MATERIAL PROVIDED -
*** Begin section ***
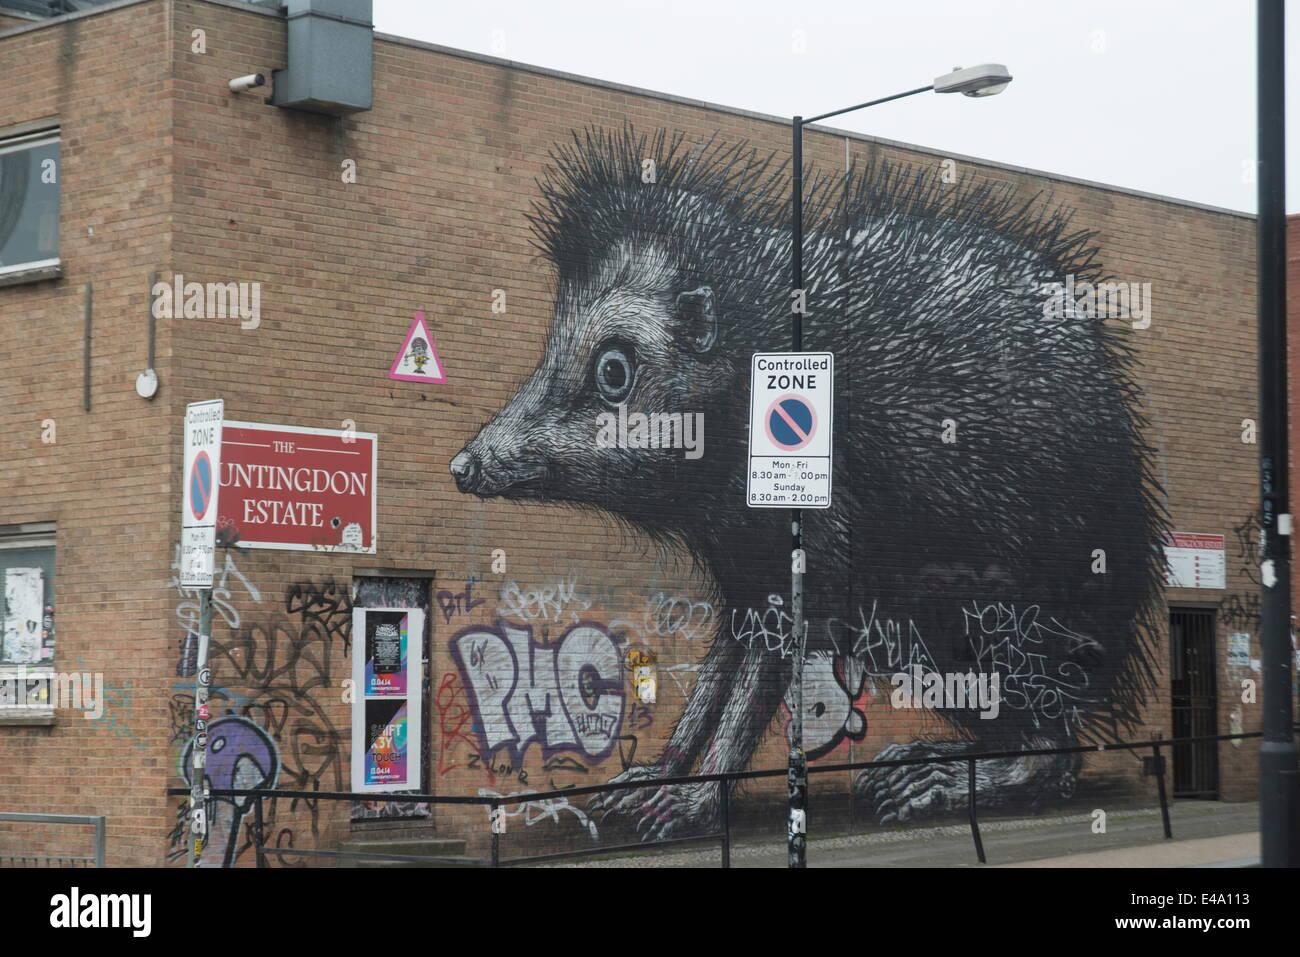 Hedgehog by Roa, Chance Street, London, E1, England, United Kingdom, Europe - Stock Image
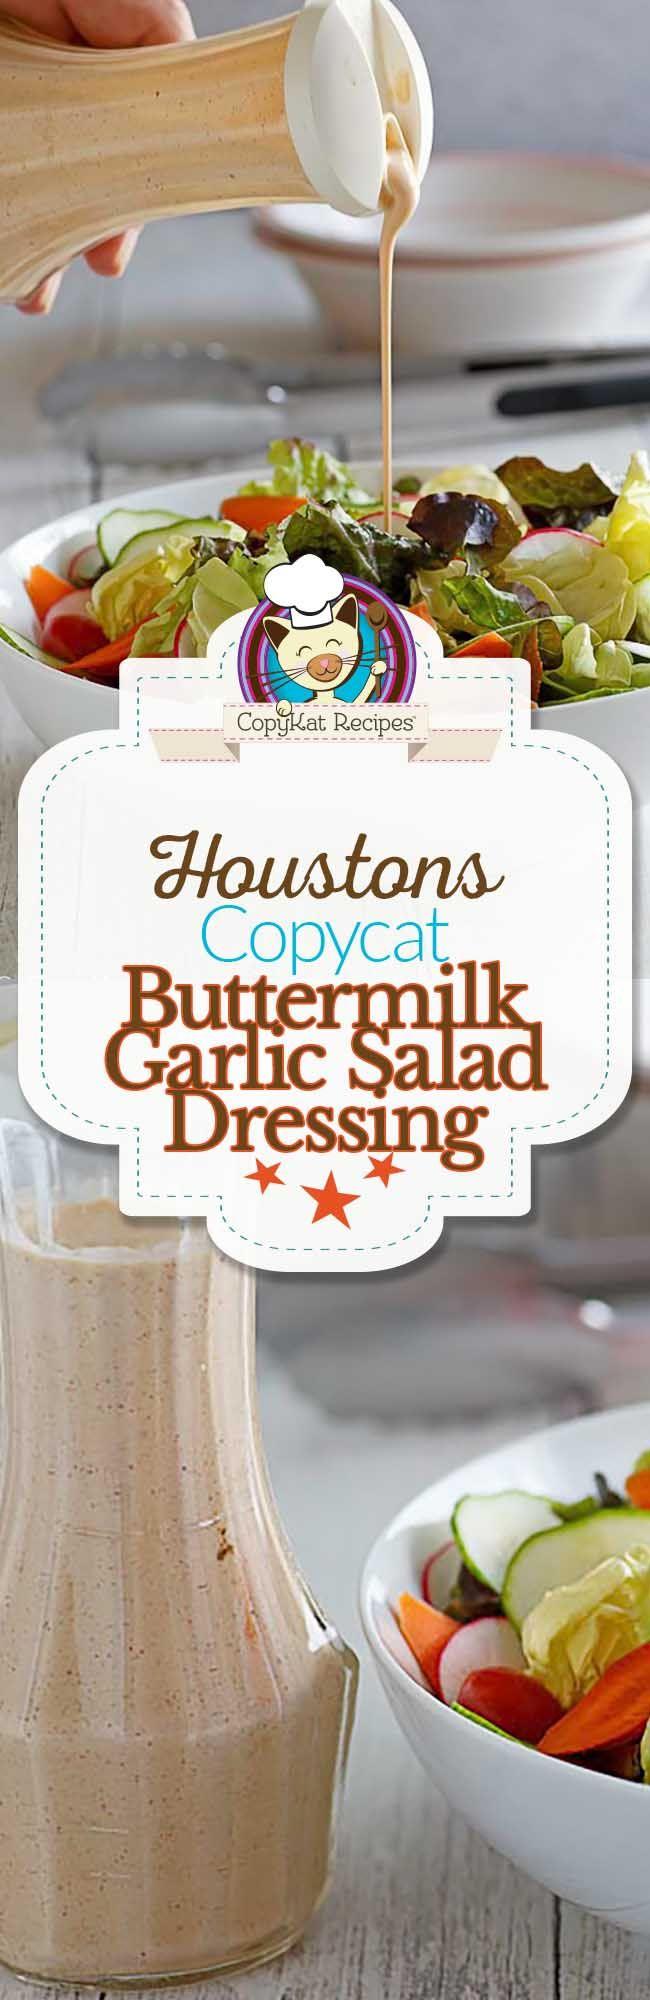 Houston S Buttermilk Garlic Salad Dressing Recipe Food Recipes Copykat Recipes Copycat Recipes
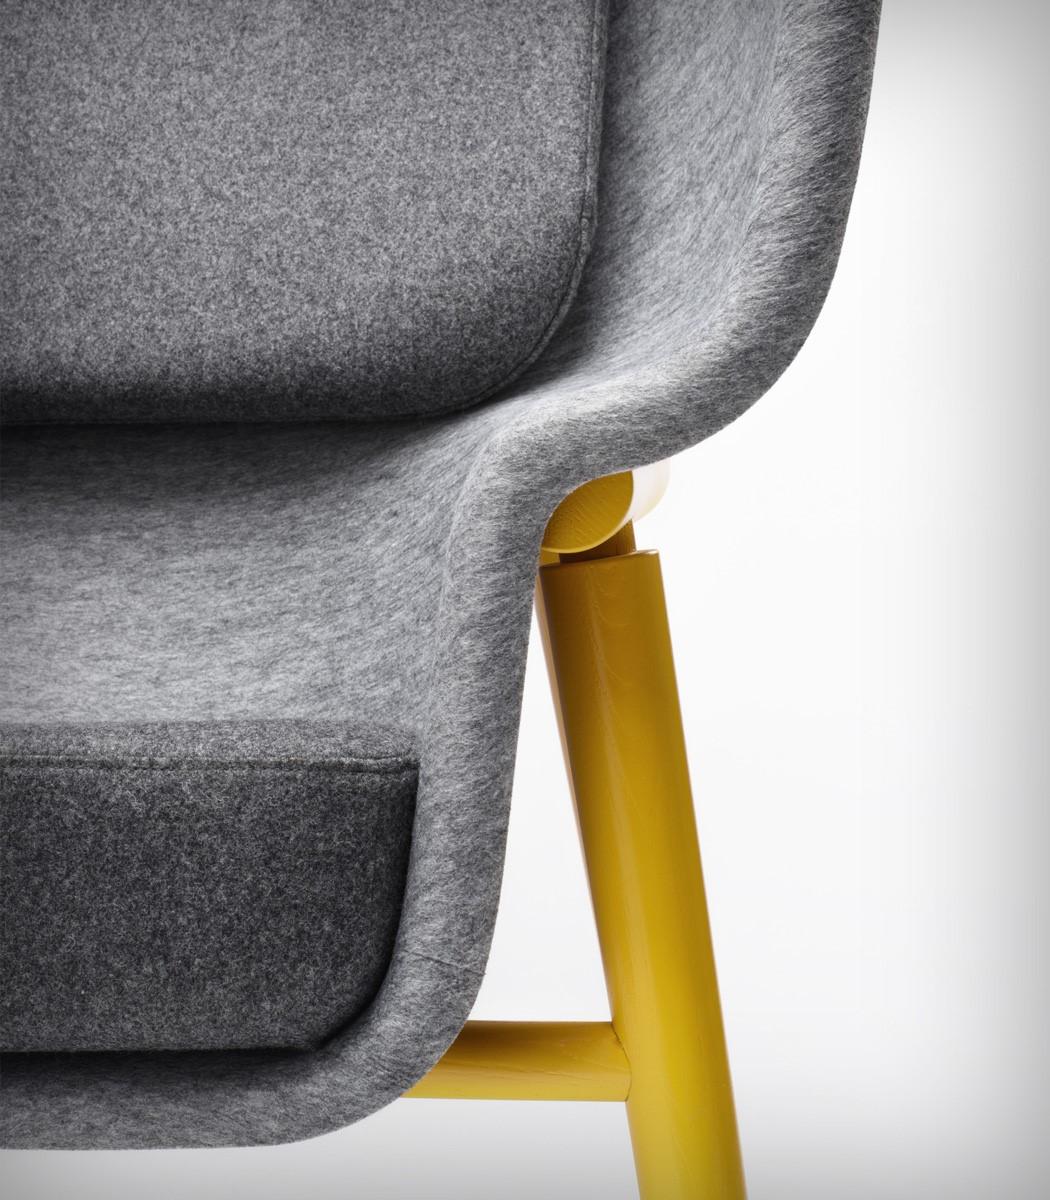 the_chair_pod_chair_12
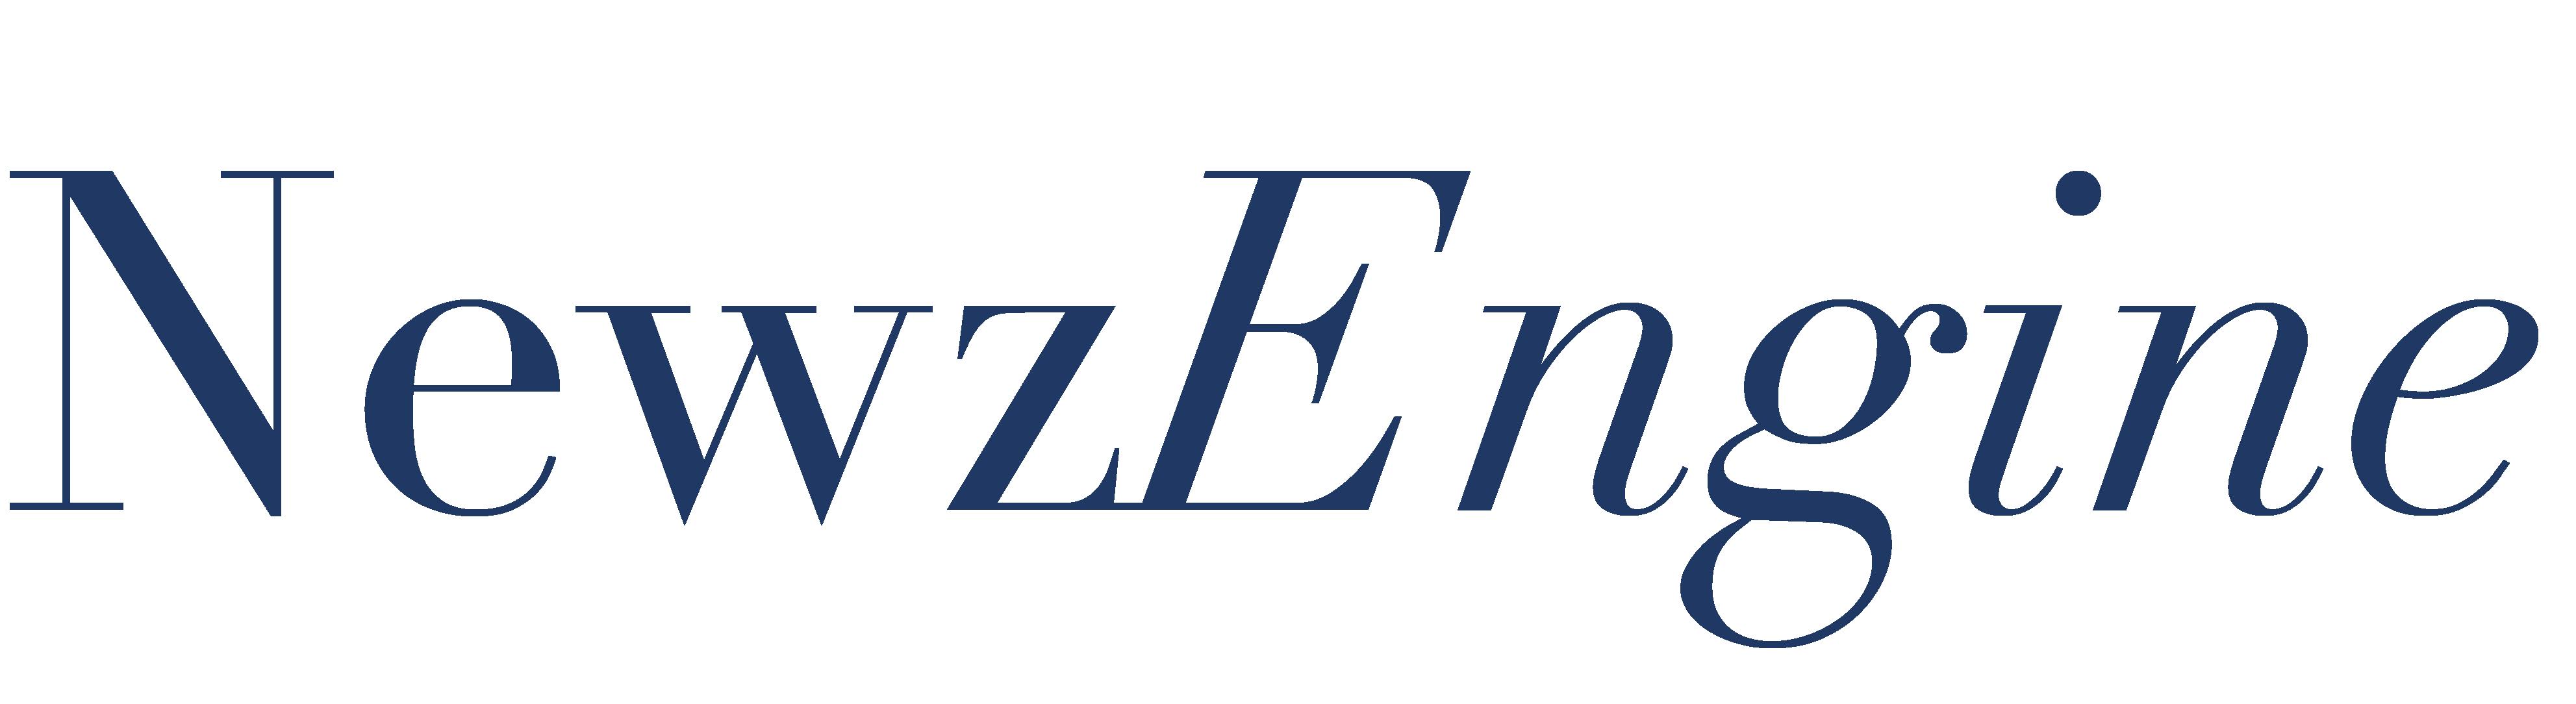 NewzEngine.com
*** End section ***
EXERCISE GOAL -
With the pictures removed, return the full listing exactly as given.

WRITTEN SOLUTION -
 Hedgehog by Roa, Chance Street, London, E1, England, United Kingdom, Europe - Stock Image
 Houston S Buttermilk Garlic Salad Dressing Recipe Food Recipes Copykat Recipes Copycat Recipes
 the_chair_pod_chair_12
 NewzEngine.com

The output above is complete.